The red wines are based on Montepulciano, Aglianico, Nero di Troia and Negroamaro, plus Primitivo which is grown in the Salento peninsula – so the whole range of Puglian varieties, plus those from neighbouring regions.
Òtre Fish 2010: not surprisingly I was urged to try this without any introduction and asked what I thought … it was obviously something a bit different. The wine is made by initial carbonic maceration (holding perfect bunches of grapes under a protective layer of carbon dioxide to enable the fermentation process to start within the individual grapes before crushing) and then the black Negroamaro grapes are crushed with minimum colouration – ie as though you were making a white wine. The result is a sort of rosé but hopefully with the extra fruit character brought about by carbonic maceration. And of course, it is intended to go with fish. The result is not as delicate as the Favùgne Rosé, but is pleasant and with enough structure to stand up to food and indeed fish.
From the red range we could choose:
Vento 2009: I found this a bit livelier than the straight Nero di Troia: Alta 2009, which was surprisingly soft with good fruit and moderate tannins, though this latter wine won a ‘two glasses’ award from Gambero Rosso. Vento is a Nero di Troia/Primitivo blend, which is fresh, with attractive red-berried fruit and extremely good at the price.
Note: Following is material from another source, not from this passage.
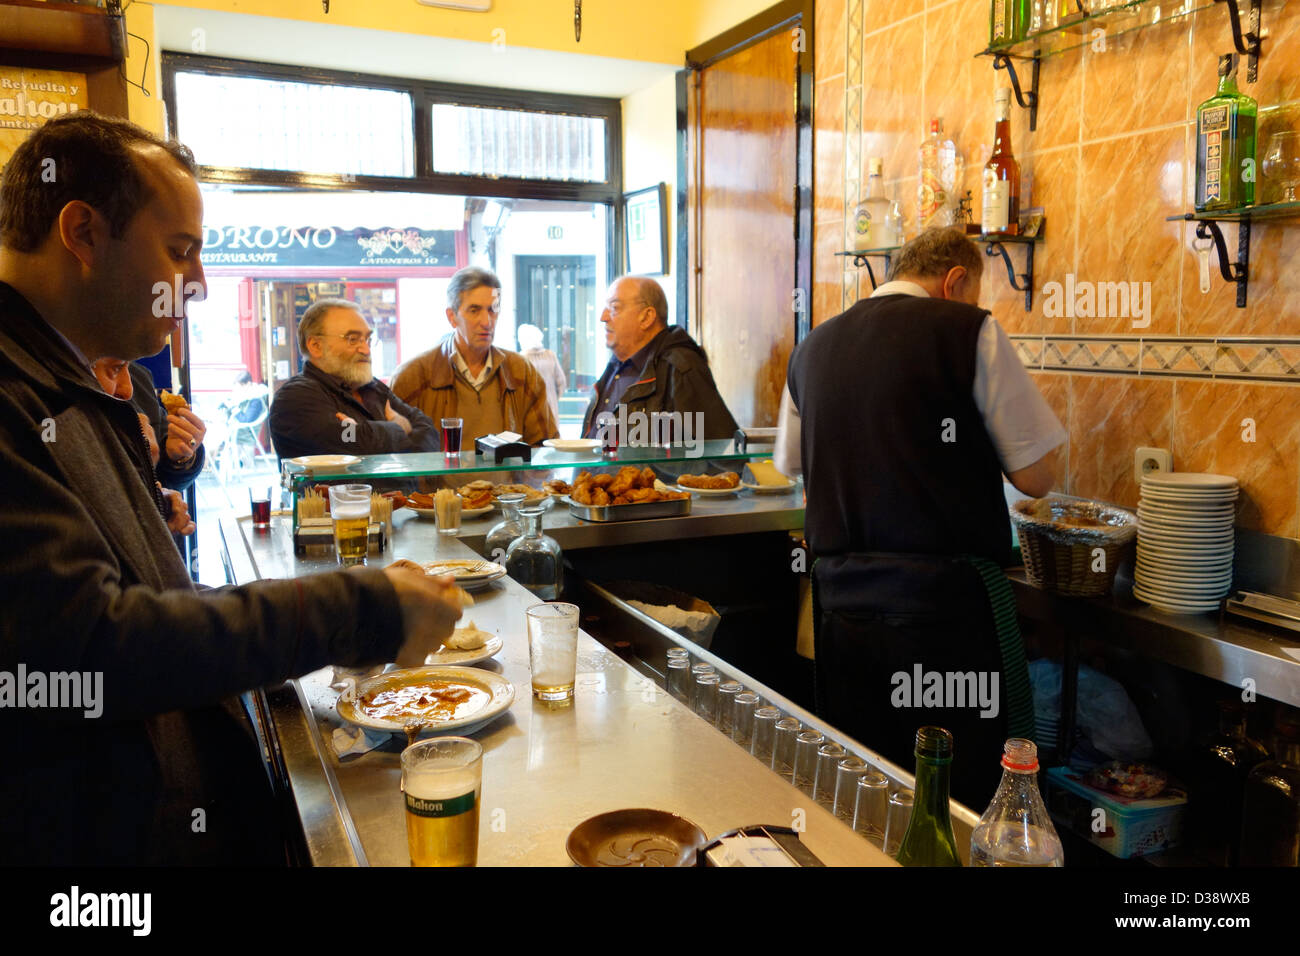 Casa revuelta madrid spagna bar birra uomini cod Foto Stock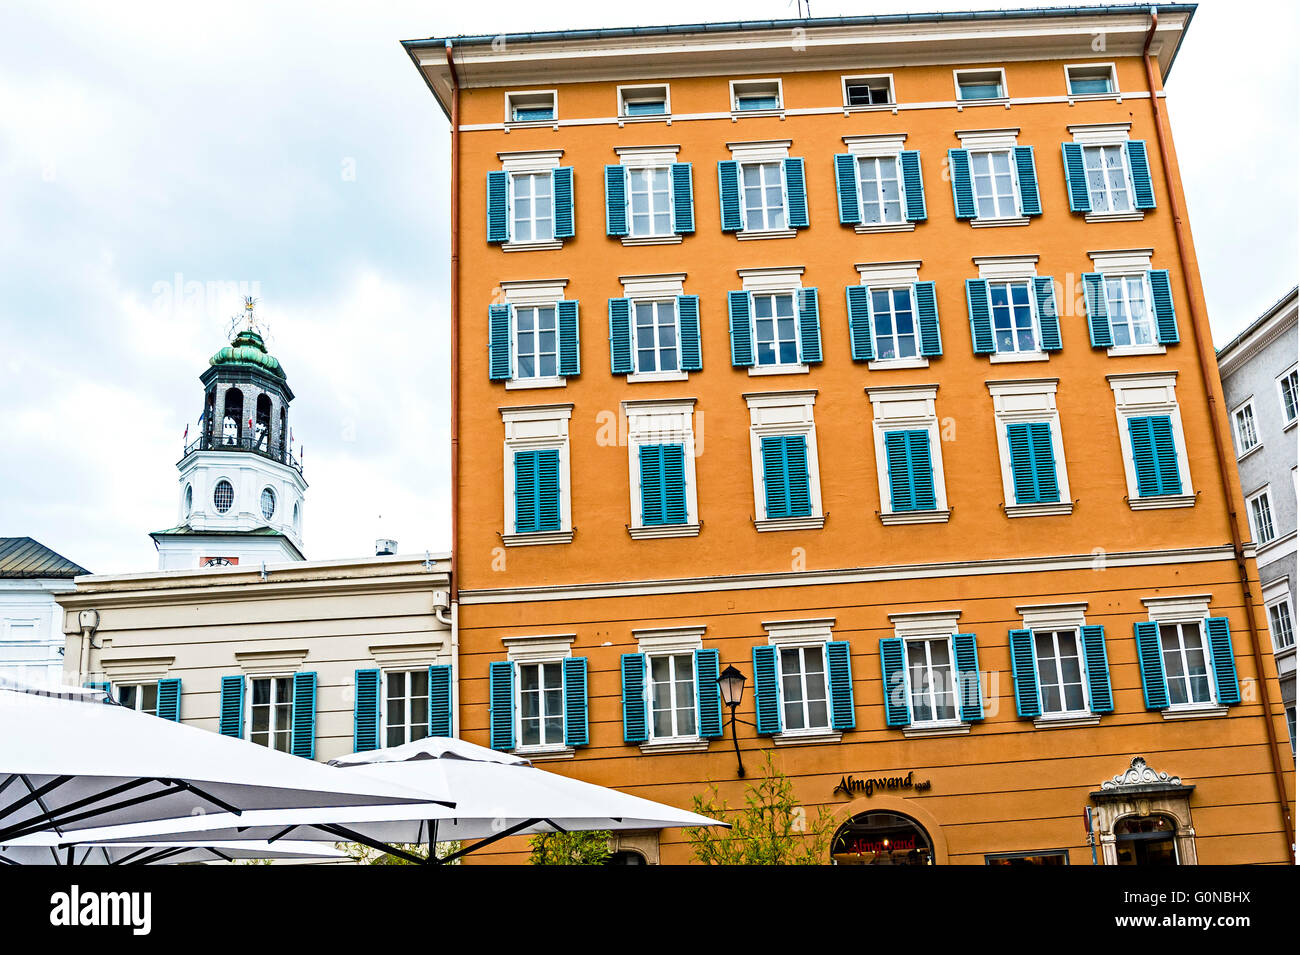 Salzburg, Haus am Waagplatz im italienischen Stil; Haus bin Waagplatz in Italienischem Stil Stockfoto

Òtre Aglianico 2008: they work hard to keep the tannins down in this wine, made from the extremely tannic Aglianico variety. The grapes are pressed when the must gets to 8-10% of alcohol and therefore there is no extended skin contact. 50% of the wine is then matured in oak barrels. Typical plums and prune flavours of this variety but medium tannin level only.
Gran Tiati, Gold Vintage 2008 is the top wine of which only 6,000 bottles are made. The standard Gran Tiati is 70% Aglianico blend with Syrah and Montepulciano mainly matured in American oak, while the selection is 100% Montepulciano. It has extraordinary soft concentrated fruit and is savoury, with some chocolate and herb notes; remarkable.
Other reds from Italian grape varieties include: Canticum (100% Montepulciano), Òtre Primitivo.
It is clear that Teanum has very good wines and a clear marketing strategy through the various Alta, Vento and Òtre lines. They are a credit to the Foggia province and an example of the versatility of Puglian winemaking.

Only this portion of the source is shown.